Background. The molecular profiles exhibited in different cancer types are very different; hence, discovering distinct functional modules associated with specific cancer types is very important to understand the distinct functions associated with them. Protein-protein interaction networks carry vital information about molecular interactions in cellular systems, and identification of functional modules (subgraphs) in these networks is one of the most important applications of biological network analysis. Results. In this study, we developed a new graph theory based method to identify distinct functional modules from nine different cancer protein-protein interaction networks.
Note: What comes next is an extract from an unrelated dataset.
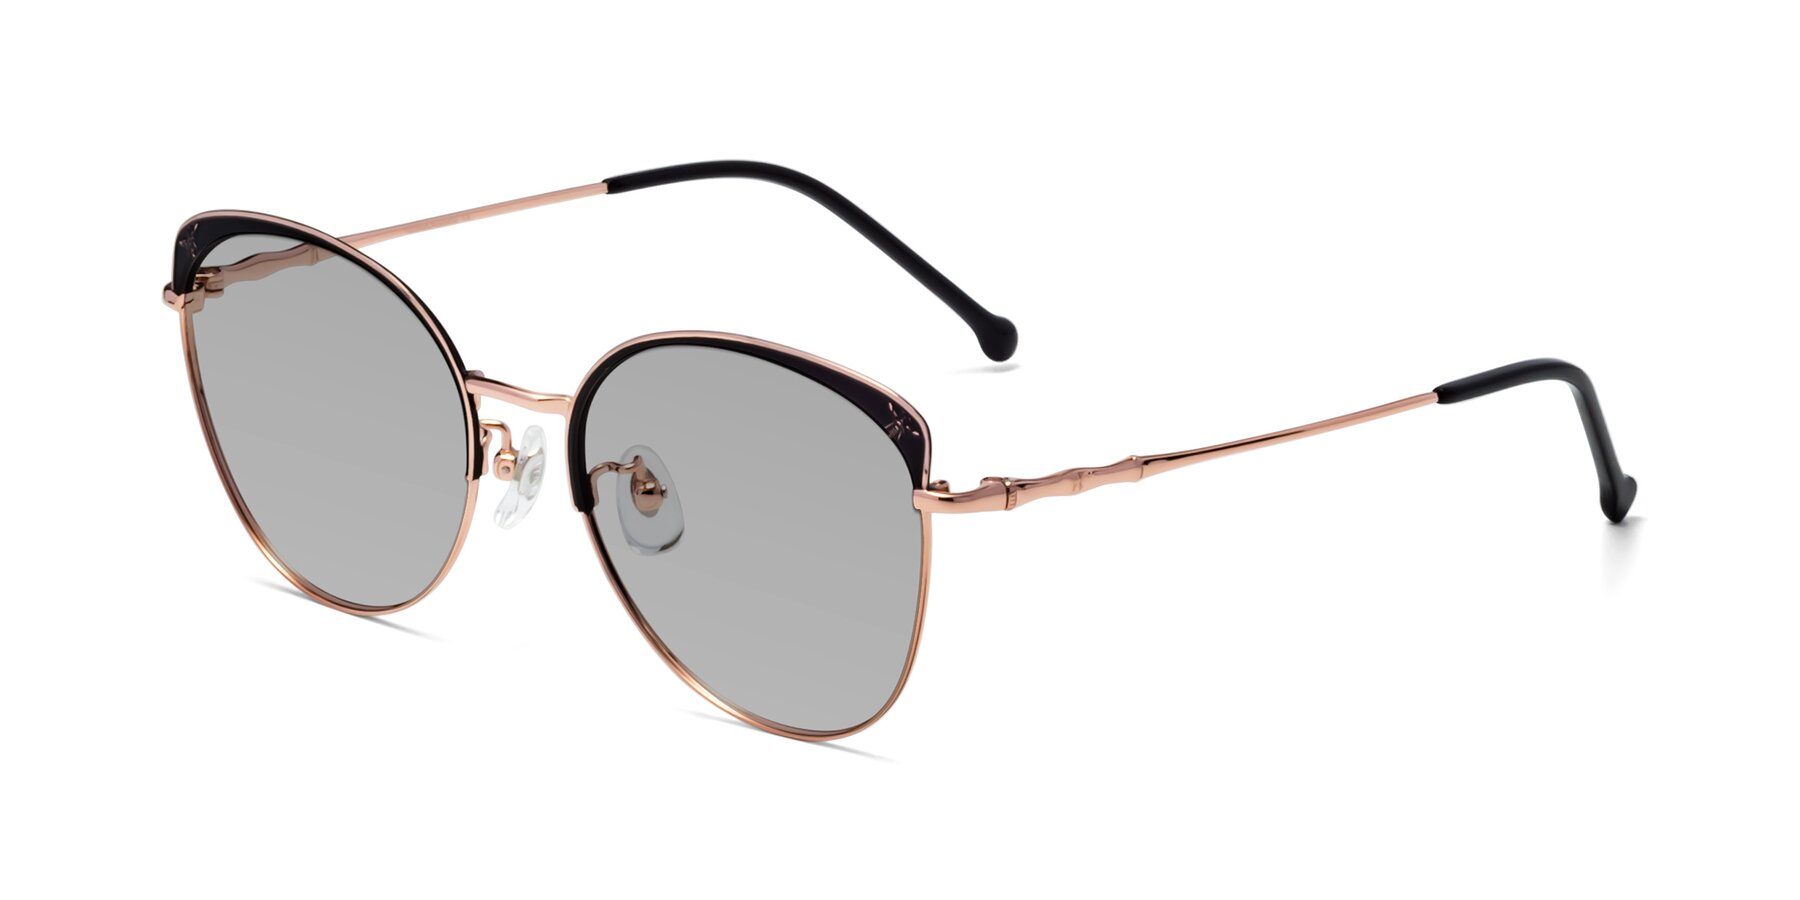 Angle of 18019 in Black-Rose Gold with Light Gray Tinted Lenses

The method is composed of three major steps: (i) extracting modules from protein-protein interaction networks using network clustering algorithms; (ii) identifying distinct subgraphs from the derived modules; and (iii) identifying distinct subgraph patterns from distinct subgraphs. The subgraph patterns were evaluated using experimentally determined cancer-specific protein-protein interaction data from the Ingenuity knowledgebase, to identify distinct functional modules that are specific to each cancer type. Conclusion. We identified cancer-type specific subgraph patterns that may represent the functional modules involved in the molecular pathogenesis of different cancer types. Our method can serve as an effective tool to discover cancer-type specific functional modules from large protein-protein interaction networks.

Highlights

  • The molecular profiles exhibited in different cancer types are very different; discovering distinct functional modules associated with specific cancer types is very important to understand the distinct functions associated with them

  • Cancer PPI networks were constructed from a comprehensive, nonredundant dataset of experimentally derived PPIs that were collected from five major databases including IntAct [10], MINT [11], HPRD [12], DIP [13], and BIND [14]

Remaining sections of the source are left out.